Last part was to upload and configure the dataset to be available on Open Spending :
Step #1 – Import and validate the dataset: assign a name, an identifier, a country, language, a currency and a description to your dataset. Then specify the url of your dataset. The file must be available on the web, this is why we published it first on NosDonnées.fr.

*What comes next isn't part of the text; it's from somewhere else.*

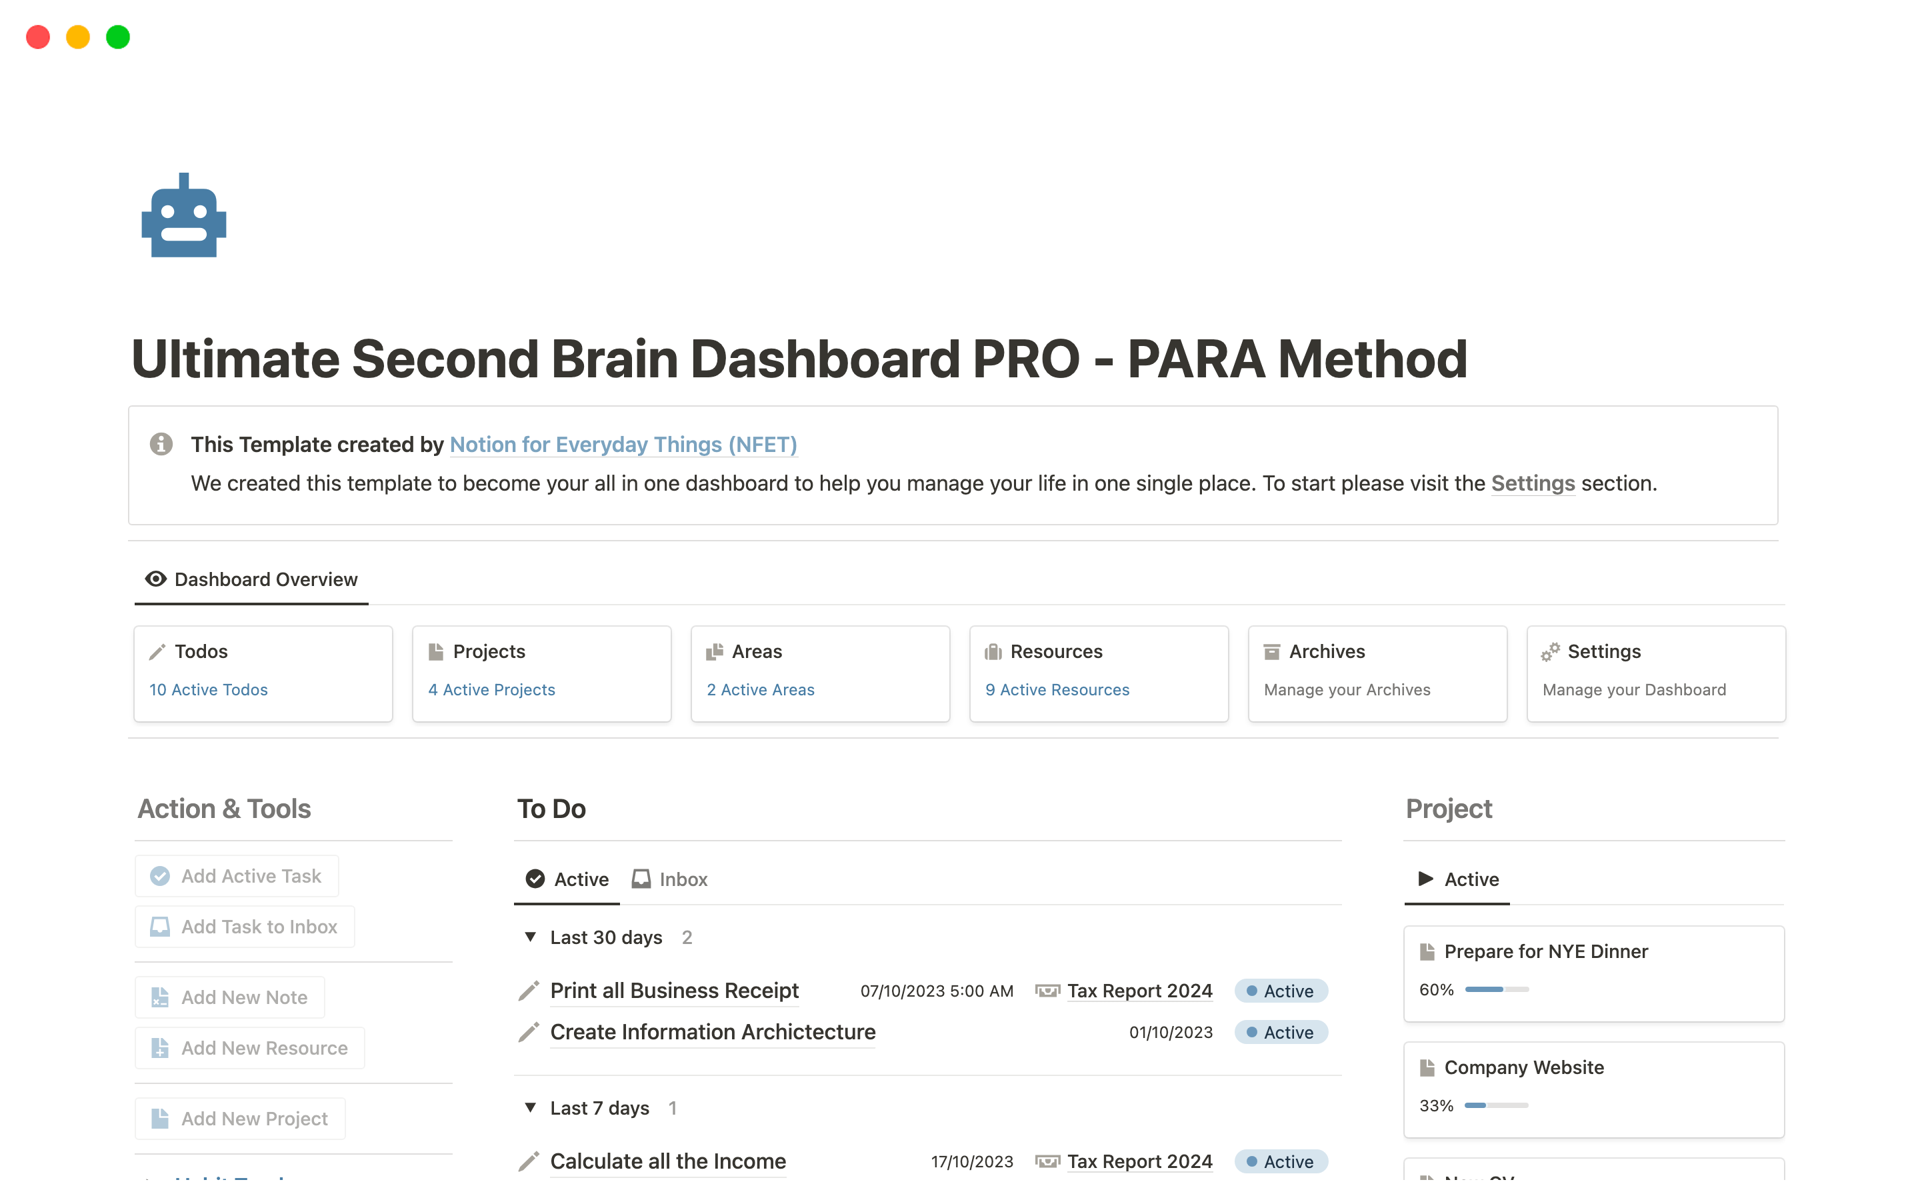 Uma prévia do modelo para Ultimate Second Brain Dashboard PRO - PARA Method

Step #2 – Create a model for your dataset: once the file has been validated by Open Spending, you are invited to attribute dimensions related to your spreadsheet, i.e defining which field designate what. The mandatory fields are the field date, the field amount, the field “to” which is the entity who received the contract, and the field “from” which is the “entity” offering the contract. Fields “to” and “from” must be compounds dimensions, however the model will not be valid. Make also sure you have an unique ID for each entry. In our case we had to assign an unique code for each procurement row since it was not present in the original file. You can also specify which dimensions you want to be able to browse by in the Open Spending application. These are the facets of your model. We choose “public authorities”, “beneficiaries” and “type of procurements” and “procurements titles” as facets for our model. Once the model was ready, we saved it. Then, Open Spending started loading the entire dataset. In case of errors during the loading process, you can always come back to your dataset, do a bit of refine and reload it. After some trials and errors, the result was quite nice to watch :
Step #3 – Create a view: Dataset was now browsable. Last step (which is not mandatory) was to create specific views or visualisation. On Open Spending you can choose among “Table of aggregates”, “Bubble tree” and “Tree Map”. In our case we wanted to see a list of beneficiaries sorted by who received the most. So we choose “table of aggregates” with a view aggregated by beneficiaries. Once the view was created, we could embed it in our website like this:
So that’s all ! Senegal Public Procurements are now available on Open Spending and easily browsable. We hope this article will be helpful for your exploration into other country’s public procurements or PDF files.